While walking is often framed as a leisure activity with physical and mental health benefits, this book foregrounds its role as an embodied practice deeply influenced by intersecting factors such as class, race, gender, age and disability. Drawing on interdisciplinary theoretical perspectives and innovative methodological approaches, the chapters present empirically rich case studies from diverse global contexts—including the UK, Australia, Canada, Ireland, the Czech Republic, Austria, Hong Kong and Thailand. These studies range from pandemic walking and app-guided navigation to the experiences of mothers, disabled individuals, older adults, people with cancer, black women and those walking with animals. Together, they illuminate how walking practices negotiate space, place, identity and belonging, while also exposing spatial exclusions and embodied constraints.

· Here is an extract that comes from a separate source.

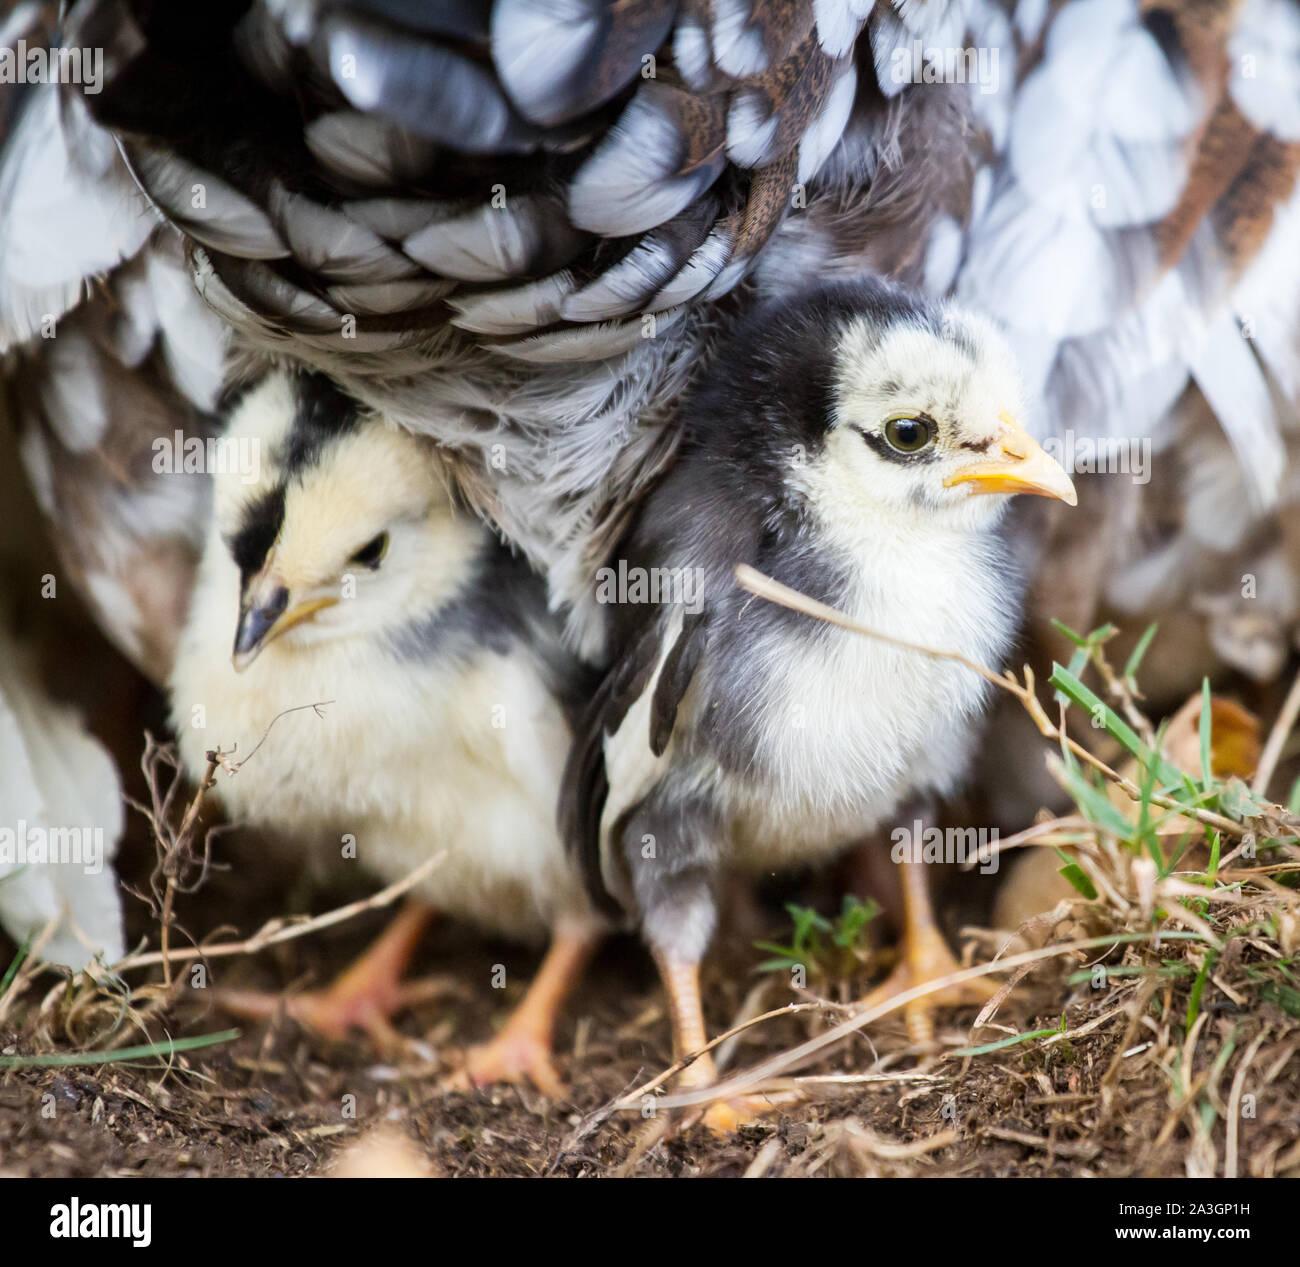 Deux oisillons sous la mère poule - Stoapiperl Steinhendl /, une espèce en voie d'Autriche race de poulet Banque D'Images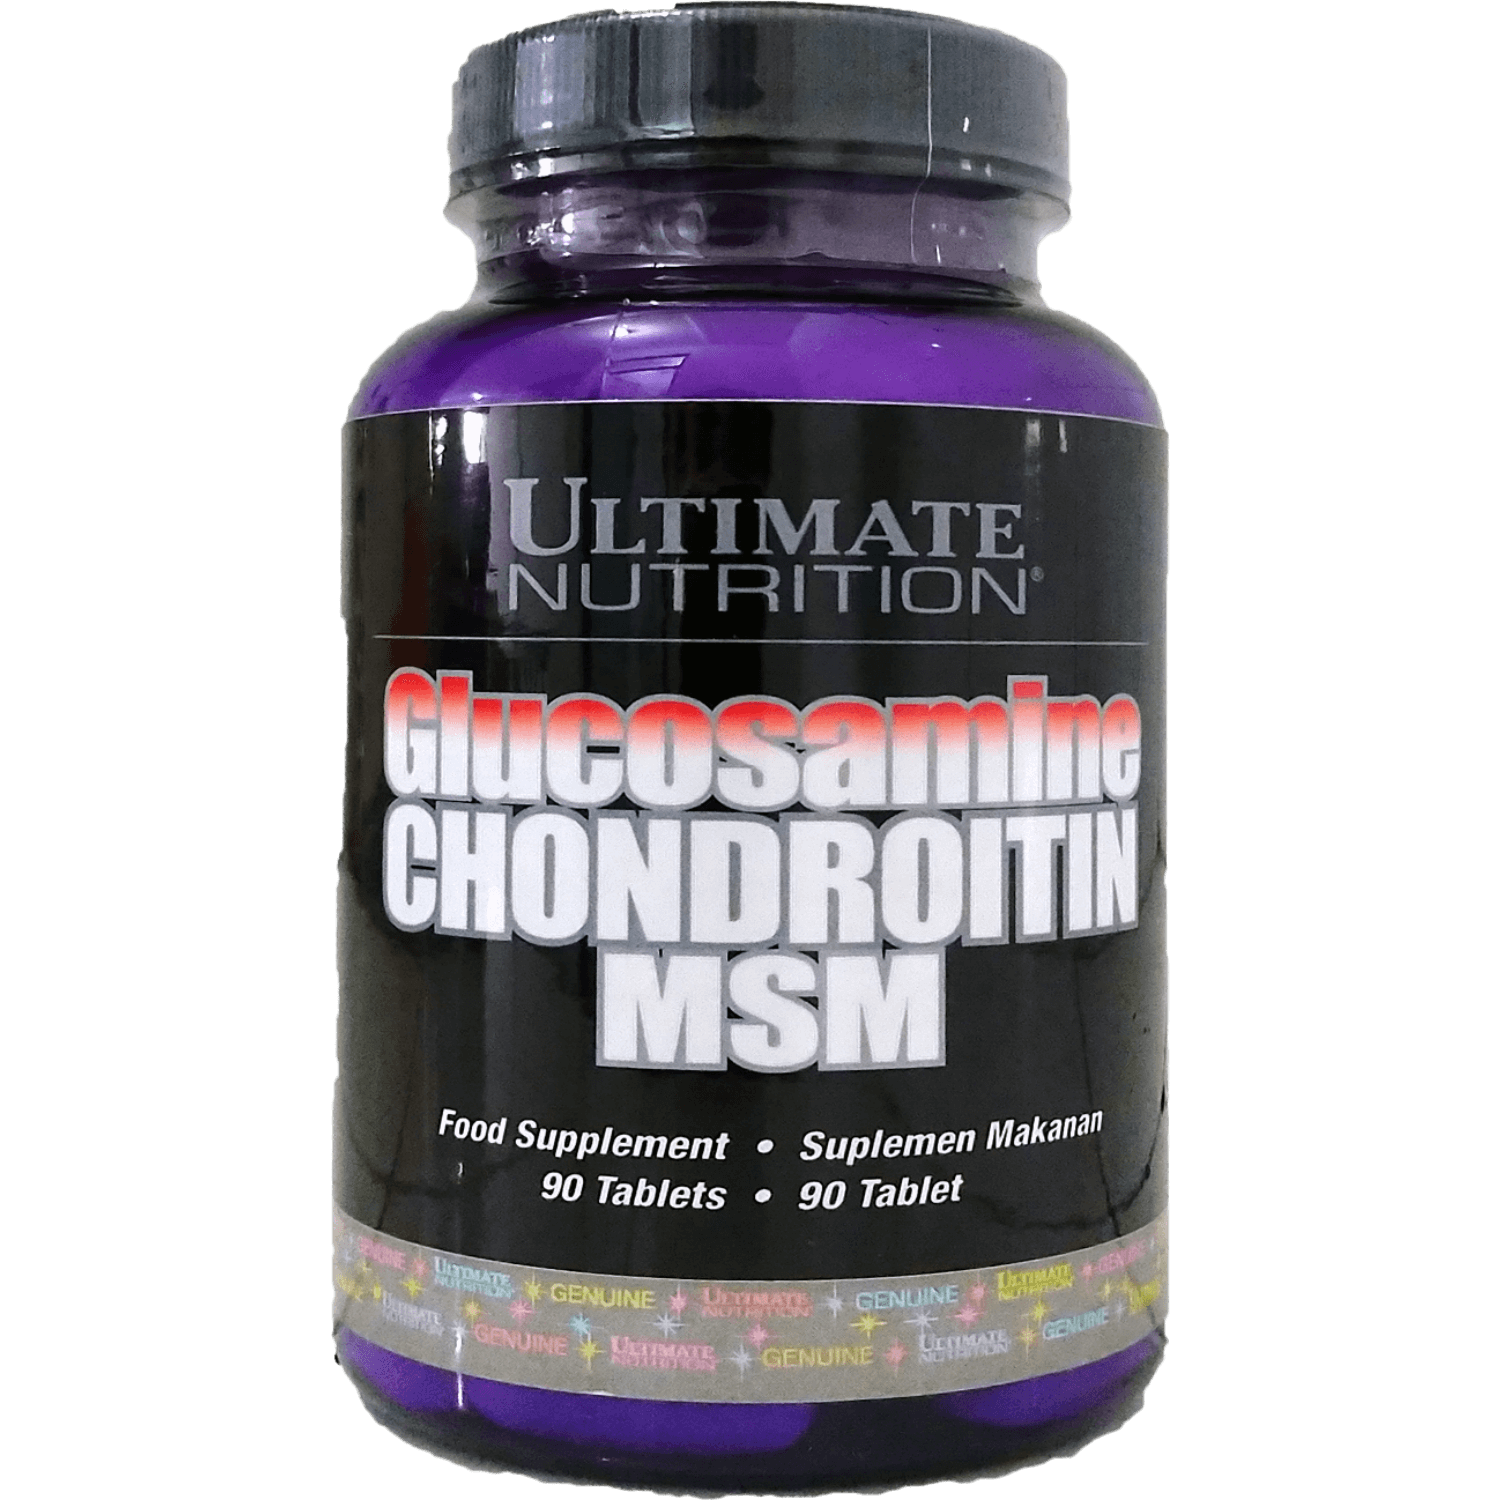 Glucosamine chondroitin msm

Walking and Leisure offers a significant contribution to the sociology of leisure, human geography, cultural studies and critical disability studies. It will be of particular interest to scholars and students engaged in research on mobility, embodiment and the everyday politics of place and space.
Miriam Snellgrove is a Lecturer in Sociology at the University of Glasgow, UK. Her research explores the everyday politics and pleasures of leisure—particularly walking, swimming and the mindsport bridge—through qualitative methodologies including ethnography, poetry, diaries and interviews. She is particularly interested in collaborative research that foregrounds the lived experiences of participants and examines how leisure intersects with social inequalities. Her work contributes to wider discussions on methodological innovation and the sociological significance of everyday leisure.